Best Fiction (Read in) 2024

Book covers of the first five books on the list

I usually hate to crown my favorite reads of the year until the next year actually begins, just in case I happen to find a new fave in whatever I’m reading during the final hours of the New Year’s Eve countdown.

This year, I’m calling it a few hours early, mainly because I figure I can get a head start on my New Year’s resolution to resurrect this blog by writing out a few posts to put up over the next few days. I don’t know if people still really read blogs anymore, but I do, and I miss writing them, and I’m certainly not going to make a TikTok, so here we are.

These are my 10 favorite fiction reads of the year. The majority were published in 2023 or 2024; my list will probably be mostly older books next year since one of my other resolutions is to spend less time with my kindle and more time with my “back catalogue” (aka all the books bought from used bookstores that are weighing down every flat surface).

If you know me, you’ll also notice that one genre is conspicuously absent. I read so many good horror books this year that they’re getting their own post in the next few days.

So if you’re building your TBR for 2025, read on for some of my 2024 favorite that deserve a place on your list:

Book covers of the first five books on the list

Intermezzo by Sally Rooney (2024)

In my goodreads review of this novel, I wrote: “I don’t know if this is my favorite Sally Rooney novel, but I think it is her best.” A month later, I do know. This is my favorite Sally Rooney novel, and it is her best.

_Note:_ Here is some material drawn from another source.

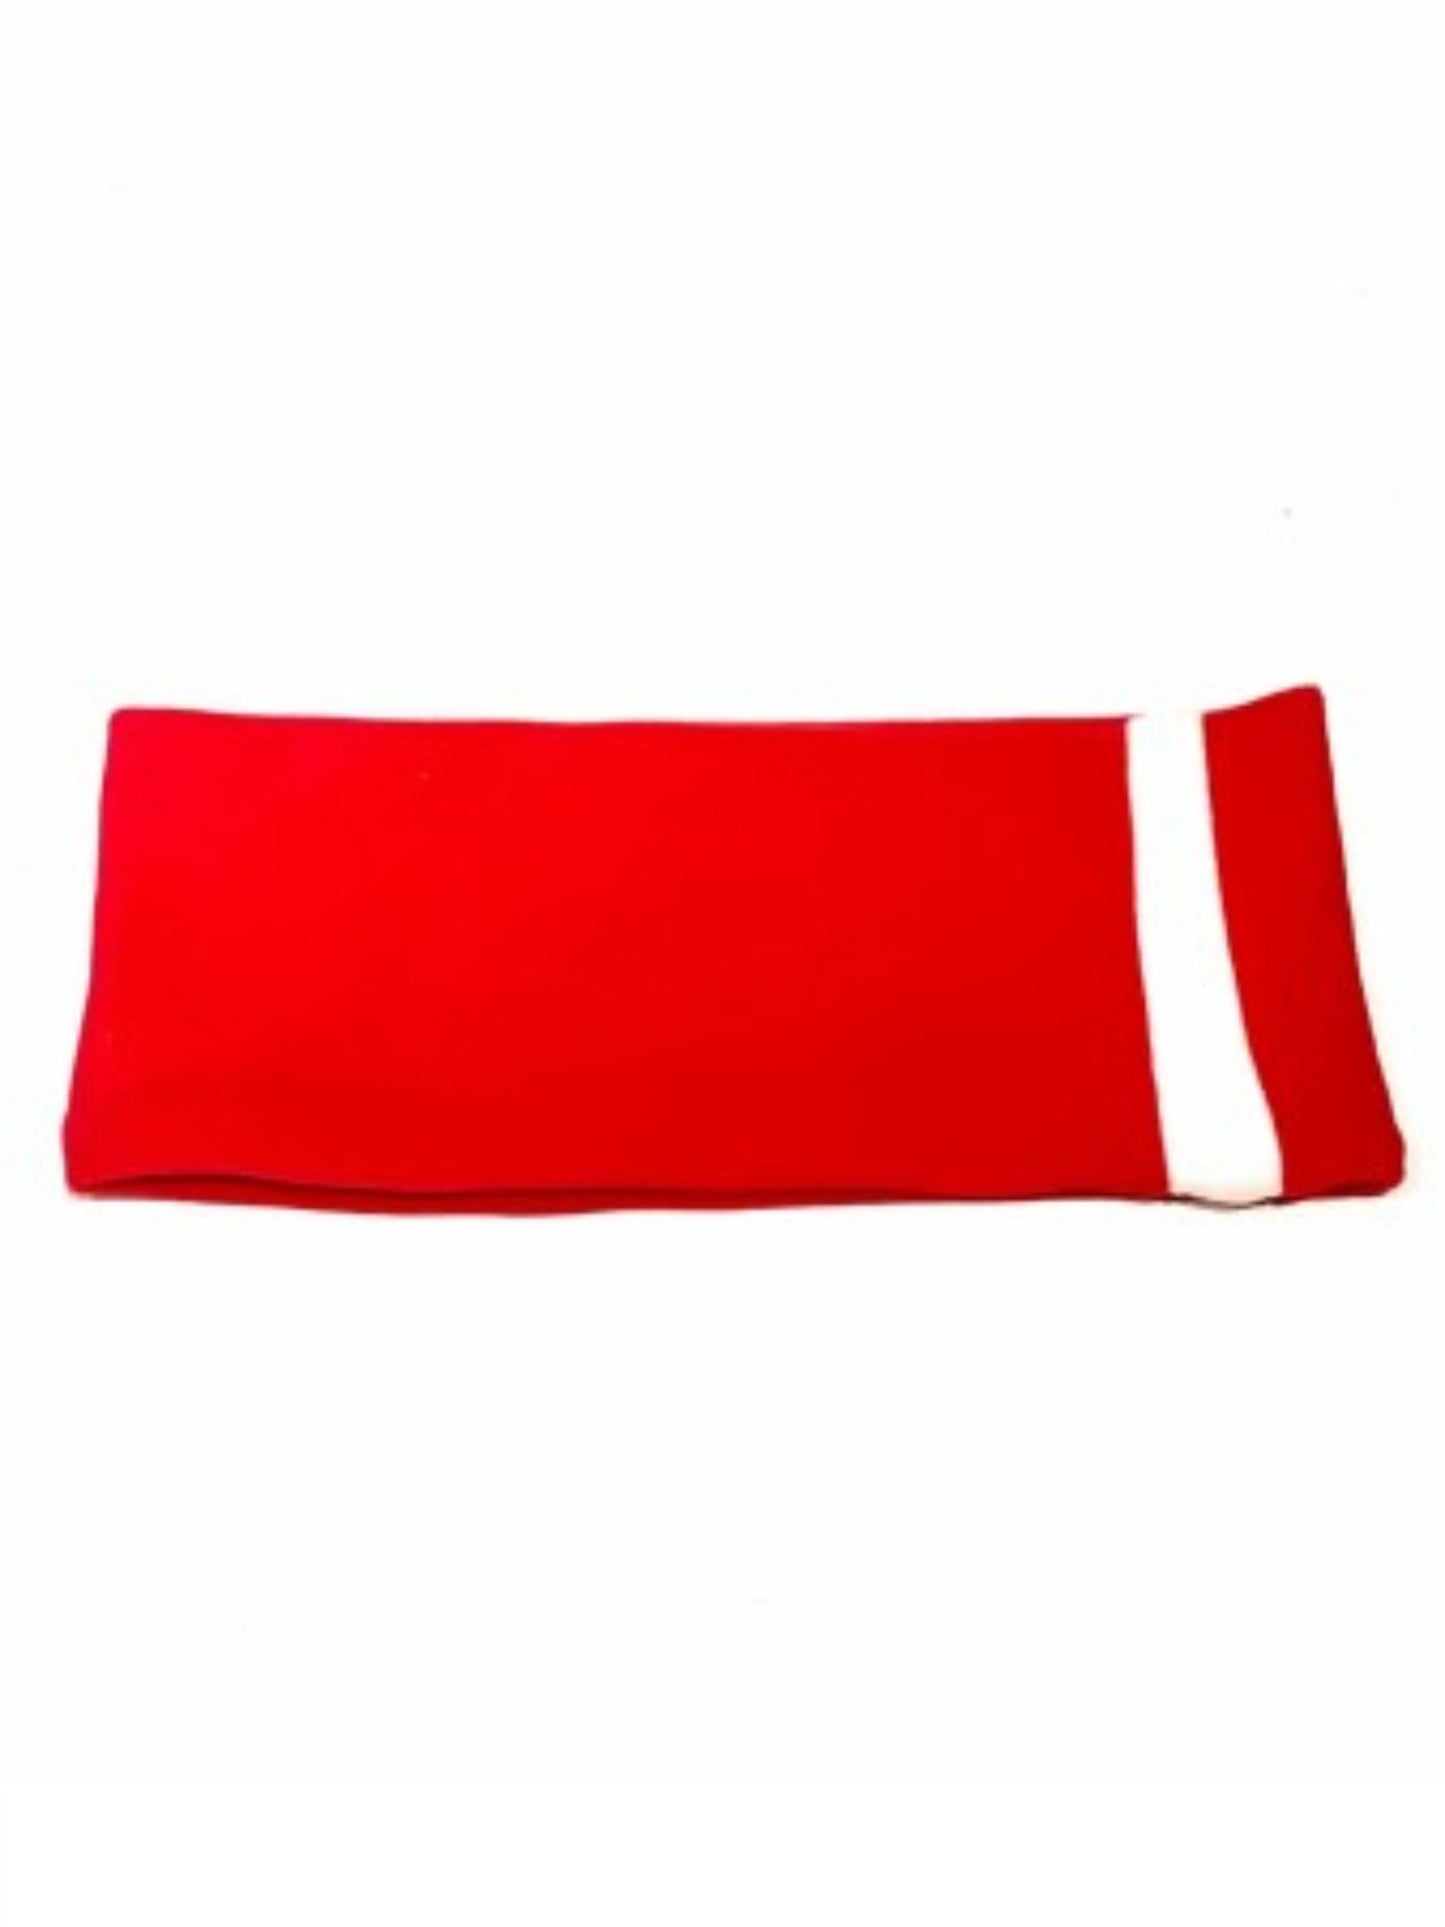 Pinakkel Headband - Red/White - at home

The literary world’s most anticipated novel of the year, as well as the one I was personally most excited for, and for me it lived up to every expectation.

In Intermezzo, Rooney takes all of the hallmarks of her previous writing — sharp and revealing dialogue, exploration of romantic and platonic relationships, and beautiful depictions of the mundanities of life — and gives them a more creative, more mature element that elevates her writing beyond what she has done before.

In the way I often think of Normal People‘s Connell and Marianne as though they are old acquaintances I’d like to check in on and see how they’re doing, I know I will be thinking of Ivan, Peter, and the others (especially Margaret) in this novel the same way.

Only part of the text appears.